**Provided data:**
__________
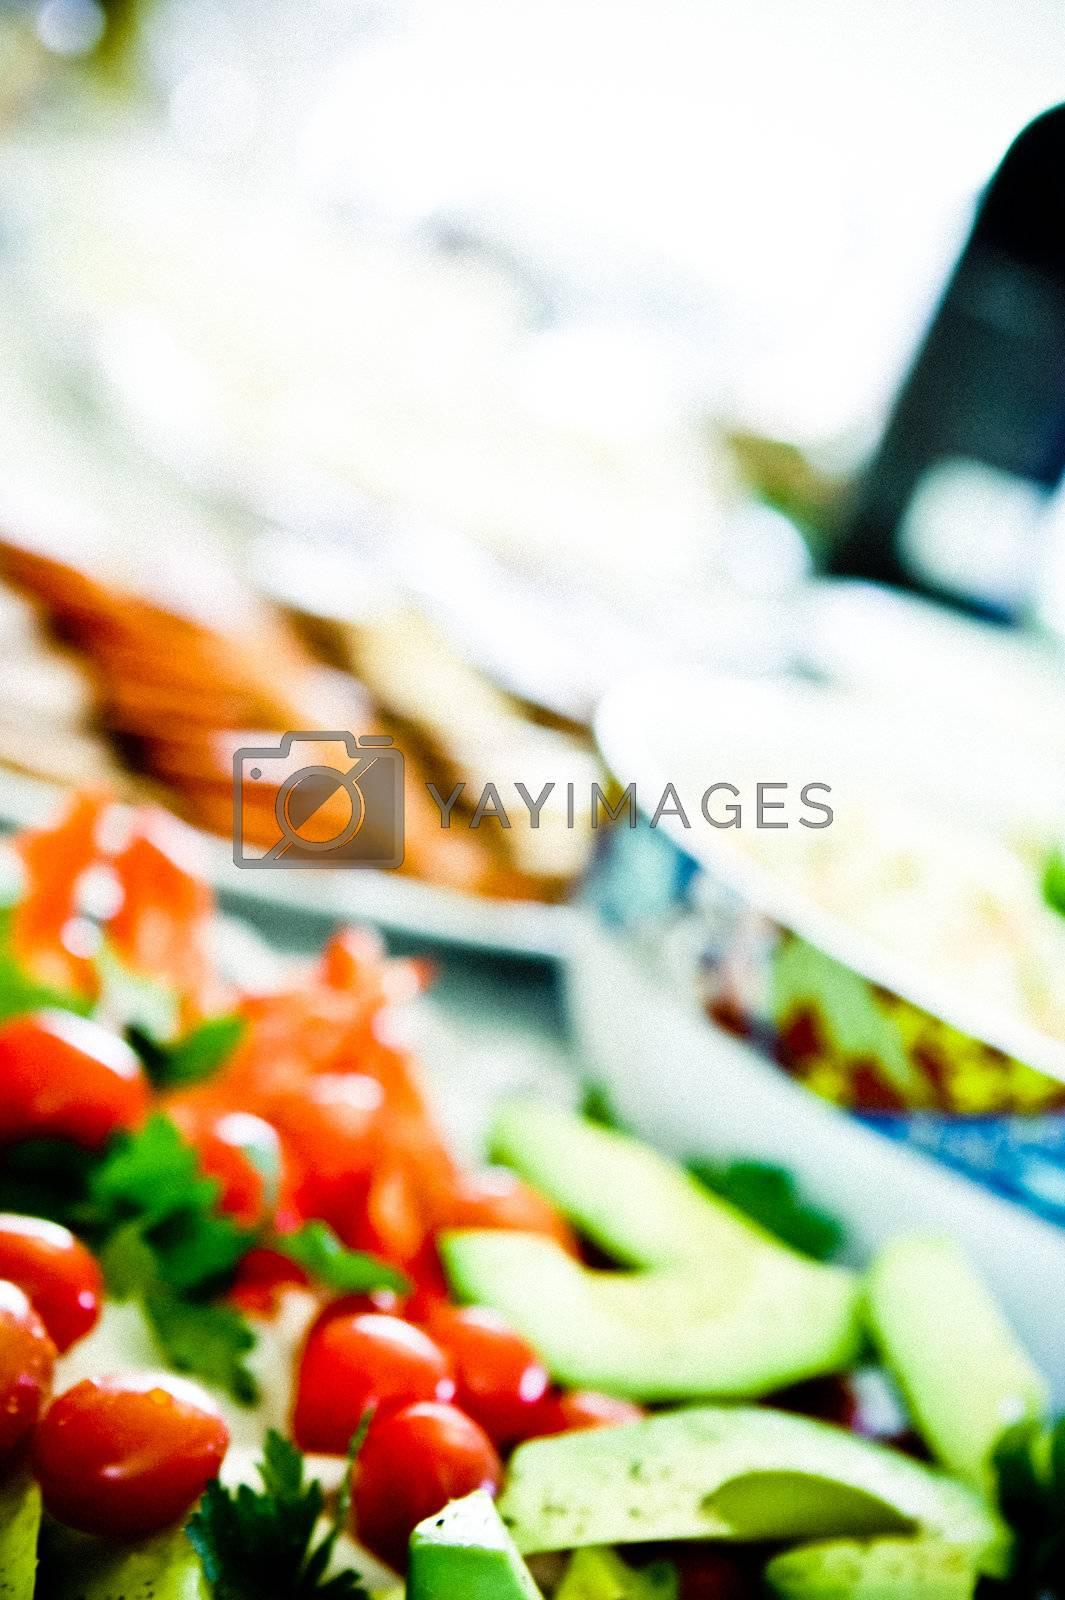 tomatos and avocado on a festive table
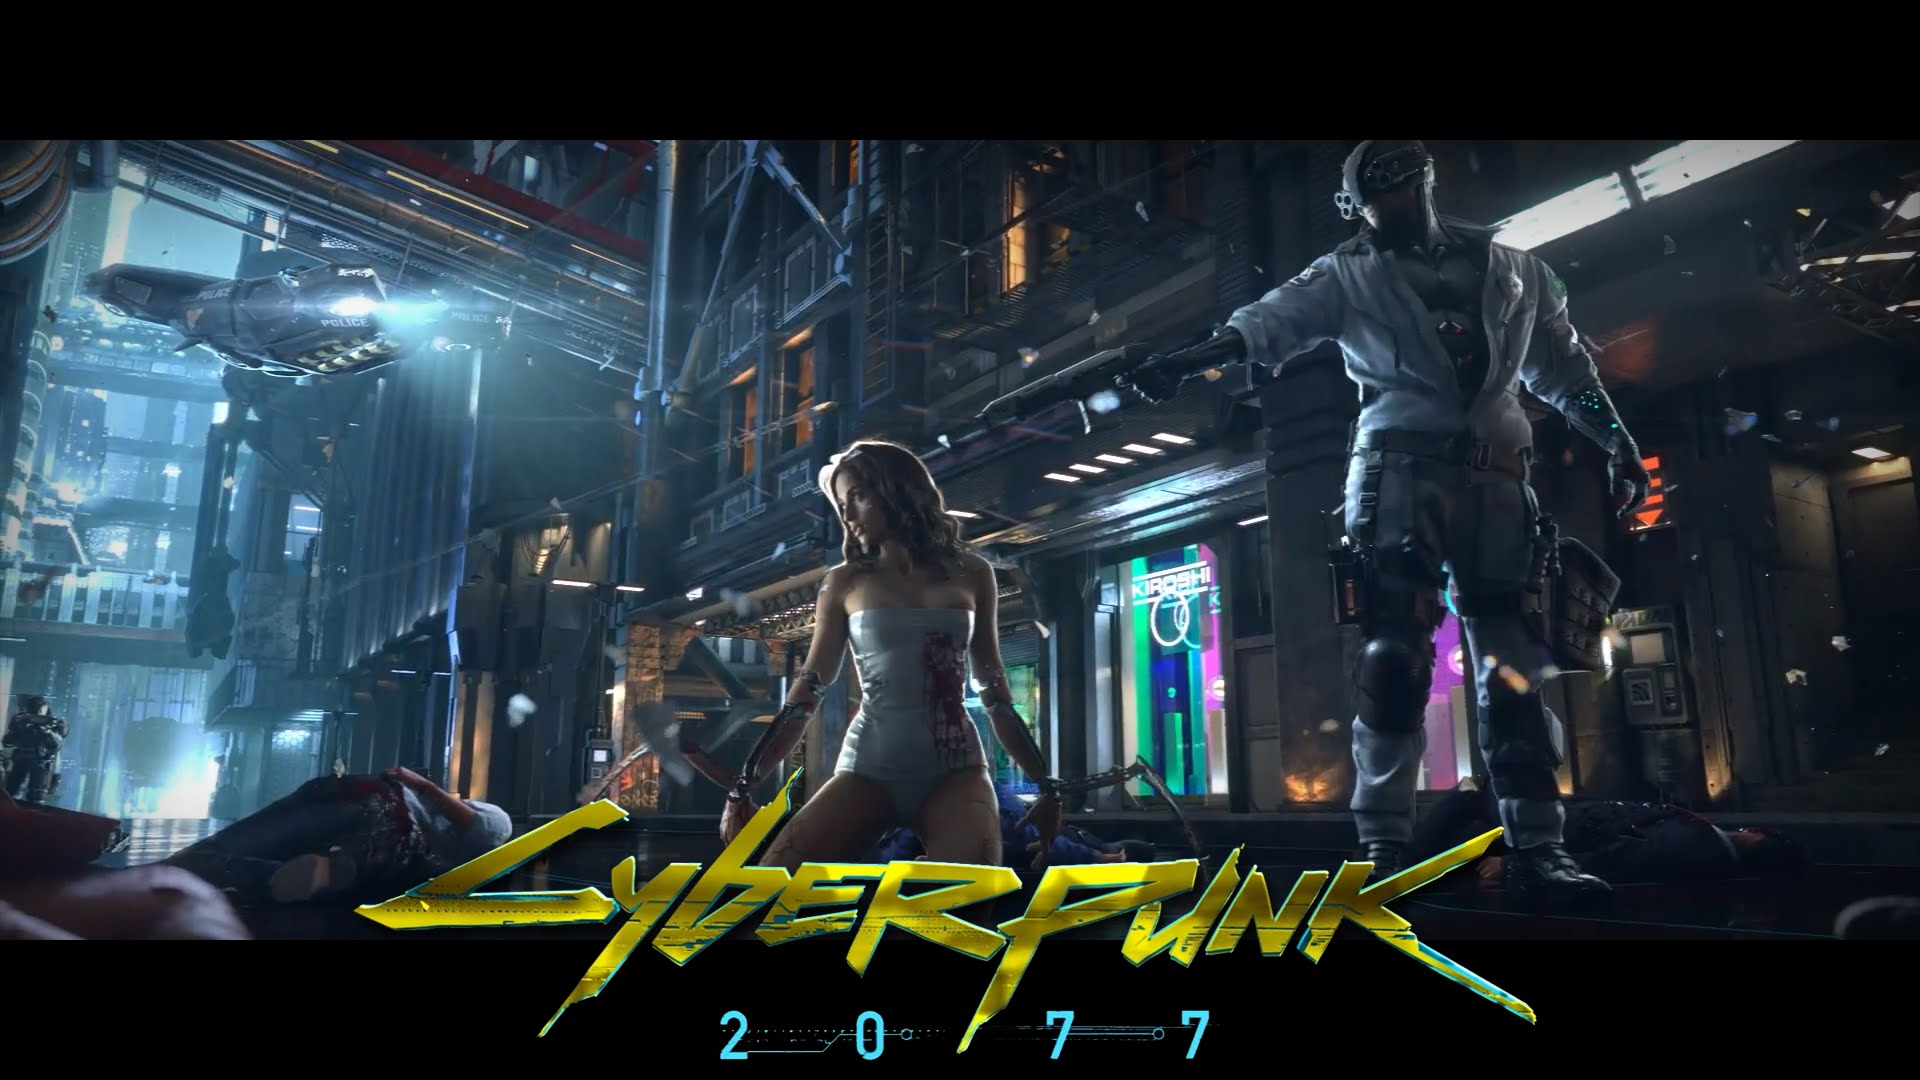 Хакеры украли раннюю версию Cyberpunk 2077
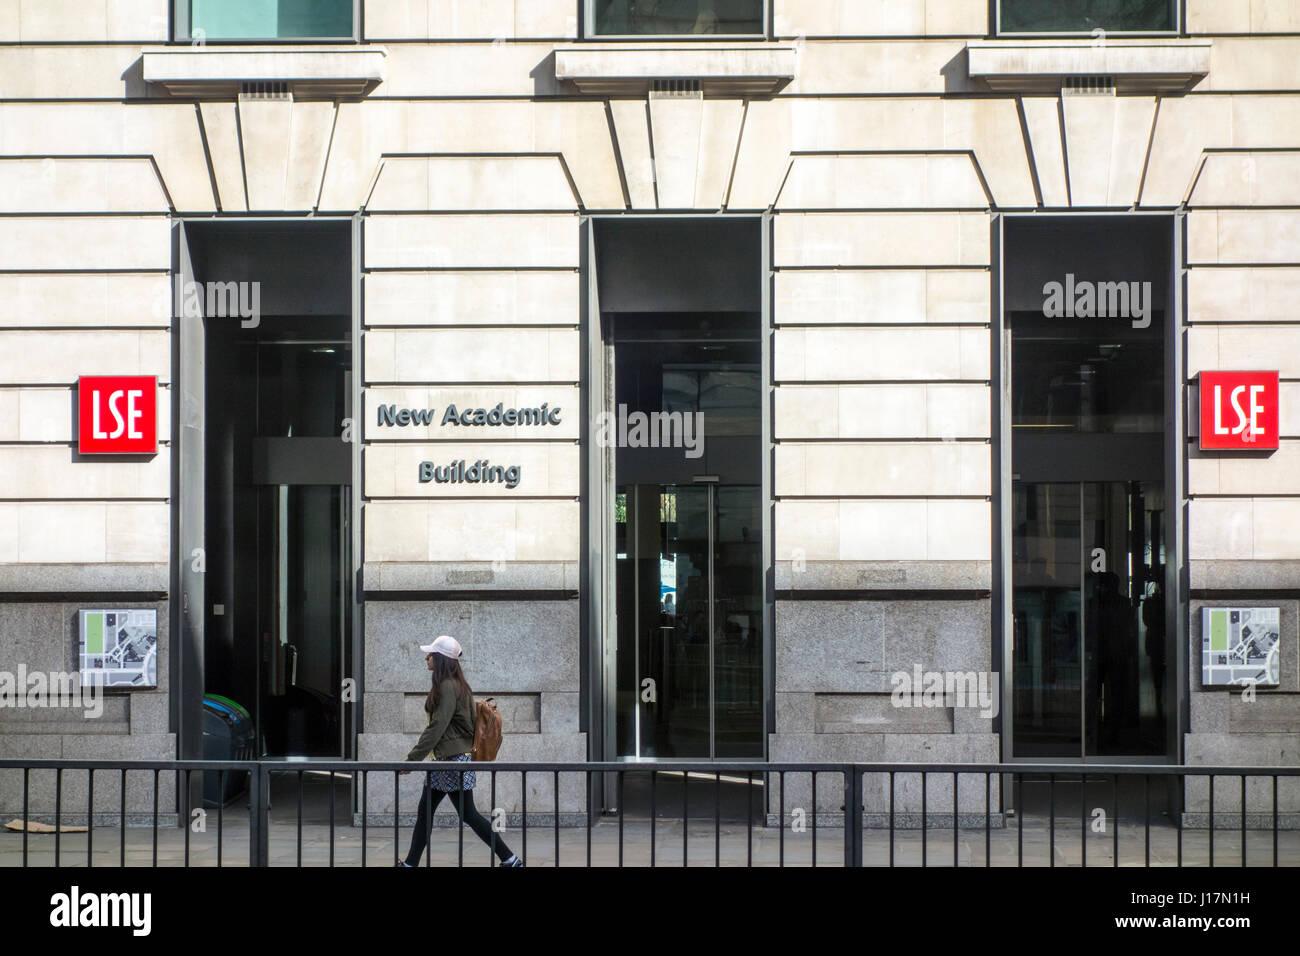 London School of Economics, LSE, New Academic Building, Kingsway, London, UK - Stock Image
__________
**Instructions to follow:**
From the first line to the last, copy the listing above exactly and leave out the images.

**Expected output:**
 tomatos and avocado on a festive table
 Хакеры украли раннюю версию Cyberpunk 2077
 London School of Economics, LSE, New Academic Building, Kingsway, London, UK - Stock Image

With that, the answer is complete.